Helena was speechless. It had never even occurred to her that something like that could be survivable.
He managed a grimacing smile. “I think I owe the Principate an apology—terrible way to go. Although growing back was the worst part …”
His voice trailed off again.
She was glad he couldn’t see as she forced herself to breathe slowly several times. She pressed her hand over his heart, feeling the heartbeat.
“And then?” she prompted.
His face twisted. “I’m not—I was still—” He gestured at his chest. “It was something—to my spine, I think. I couldn’t see. Couldn’t move. I don’t remember when my eyes stopped—”
Helena’s throat closed, but she kept her voice steady. “Well, your heart is stable now. I don’t know how long the neurological symptoms might last.
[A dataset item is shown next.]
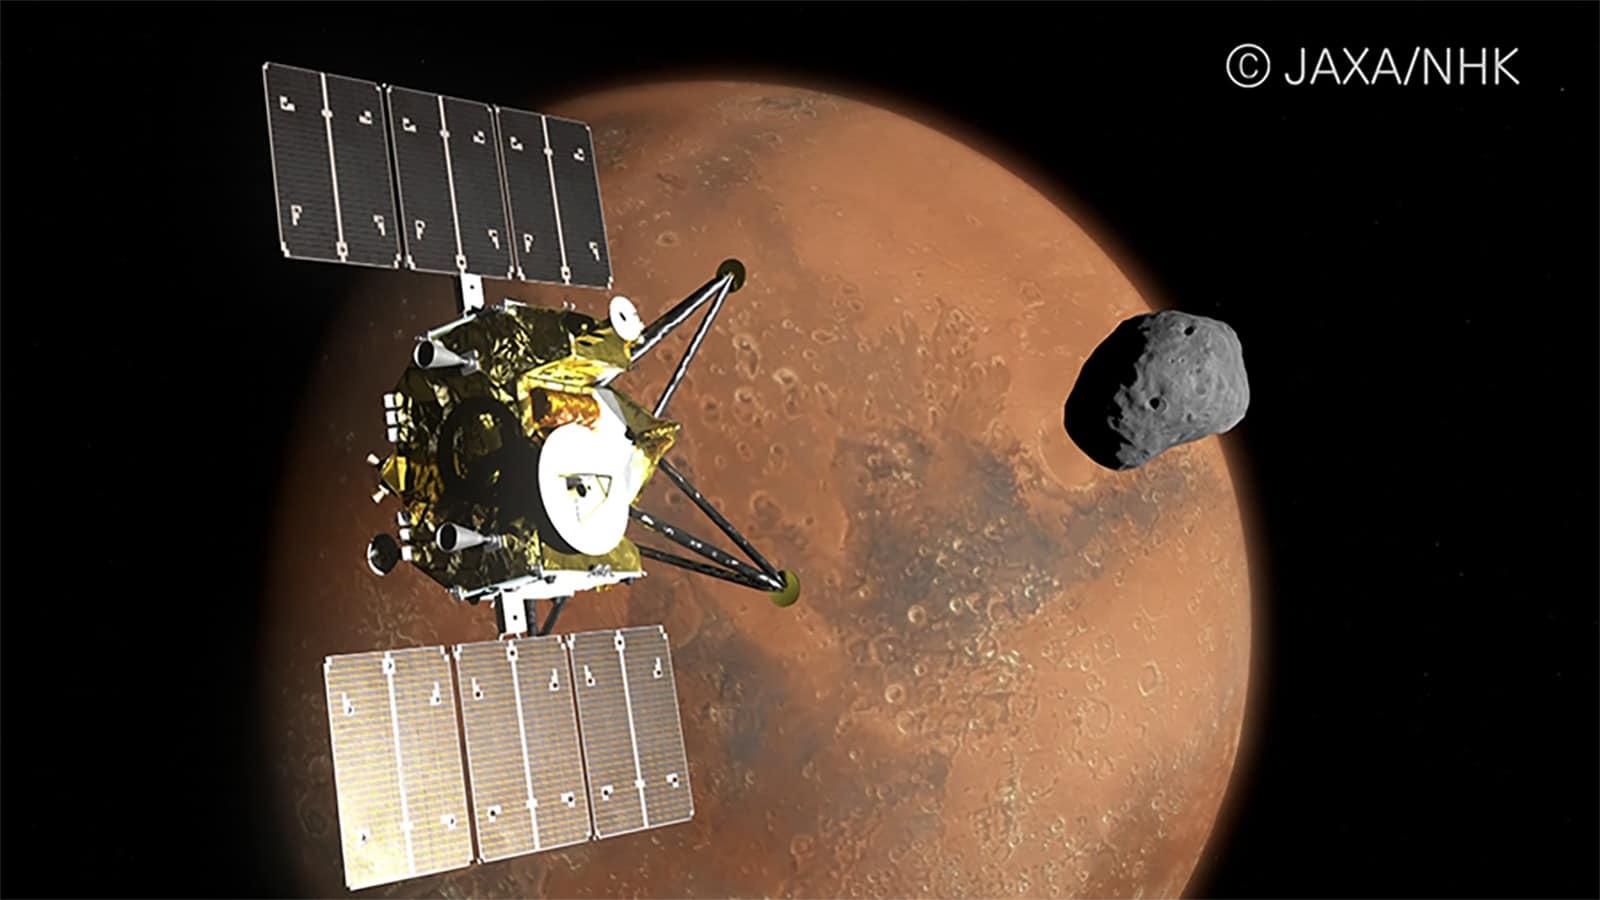 Japan će poslati 8K kameru na Mars i njegove mjesece

The best thing is to rest and give your body time to recover.”
The servants finally returned, carrying several wooden cartons of medical supplies.
Helena sat beside him, going through their contents.
Many more vials of the stimulant, which she hoped not to need.
Kaine fell asleep after a little while but kept jerking, his fingers twitching spasmodically.
He’d start awake, still blind, searching for her, his fingers grasping, trying to feel her heartbeat.
Helena would reassure him that she was fine, and he’d pass out again.
She worried the most about his spasticity. He kept tensing, twitching, his muscles curling inwards, hands and fingers curving into claws.
Helena knew the stimulant caused withdrawal symptoms like that, but she was worried about those symptoms being combined with some kind of brain or spinal injury. Should she have let him be? Was it possible for him to end up with permanent nerve damage? He regenerated so poorly now.
She took his right hand in hers, working at it slowly, knuckle by knuckle, until the muscles were no longer curved and rigid.
Every time she moved her thumbs, the tendons twinged against the nullium, but she didn’t care.
She kept going, working up his arm to his shoulders, and then she started on the other hand.
A gnawing pain radiated up her left arm, but she couldn’t stop.
This was all she could do, and she would do it.
She checked his heart. It was finally steady. His expression relaxed when she spoke. So she talked to him softly, about anything she could think of. All the things she’d always meant to tell him.
After half a day without waking, she hooked him up to a saline drip. He still didn’t stir. A few times, she heard footsteps in the hallway, but if Atreus was lurking about the house again, he didn’t come too near.
Finally, Kaine’s eyes fluttered and opened, falling on her.
She went very still. “Can you see me?”
He squinted. “Shapes at least.” He squeezed his eyes shut, wincing and reopening them. “I think it’s getting better.”
“Good.” She nodded shakily. “I was thinking perhaps the heart injury could have caused blood clotting, or maybe there was nerve strain. Either could cause temporary blindness.”
He gave an absent nod because it hardly mattered either way. His fingers trailed over, finding her. “Are you all right?”
“Of course,” she said, grateful he couldn’t see clearly, because she was too exhausted to lie convincingly.
He started to close his eyes, but then they snapped open again. “My father is at my door.” He sat up stiffly with a groan. “I need to go deal with him. There’s still arrangements I haven’t—”
Helena caught him by the shoulder. “You can’t get up yet. You’re not recovered.”
He placed his hand over hers, trying to squeeze, but instead his fingers spasmed. “My father cannot find me here. I don’t need to recover anymore. You have to leave tonight. I can’t make it a perfect trip, but there’s enough in place. You’ll be able to manage.”
“T-Tonight?”
He said nothing else. He stood up, pulling the needle from his arm, and dressing quickly. He struggled with the buttons on his shirt; Helena had to help him.
“My eyes are getting better already,” he said, his voice hoarse. “I can see how disapproving you look.”
He took her hands in his and after some difficulty managed to get his fingers steady enough to remove the manacles. She locked the copper back around her wrists herself.
“Keep the door locked,” he said. “I’ll be back by nightfall.”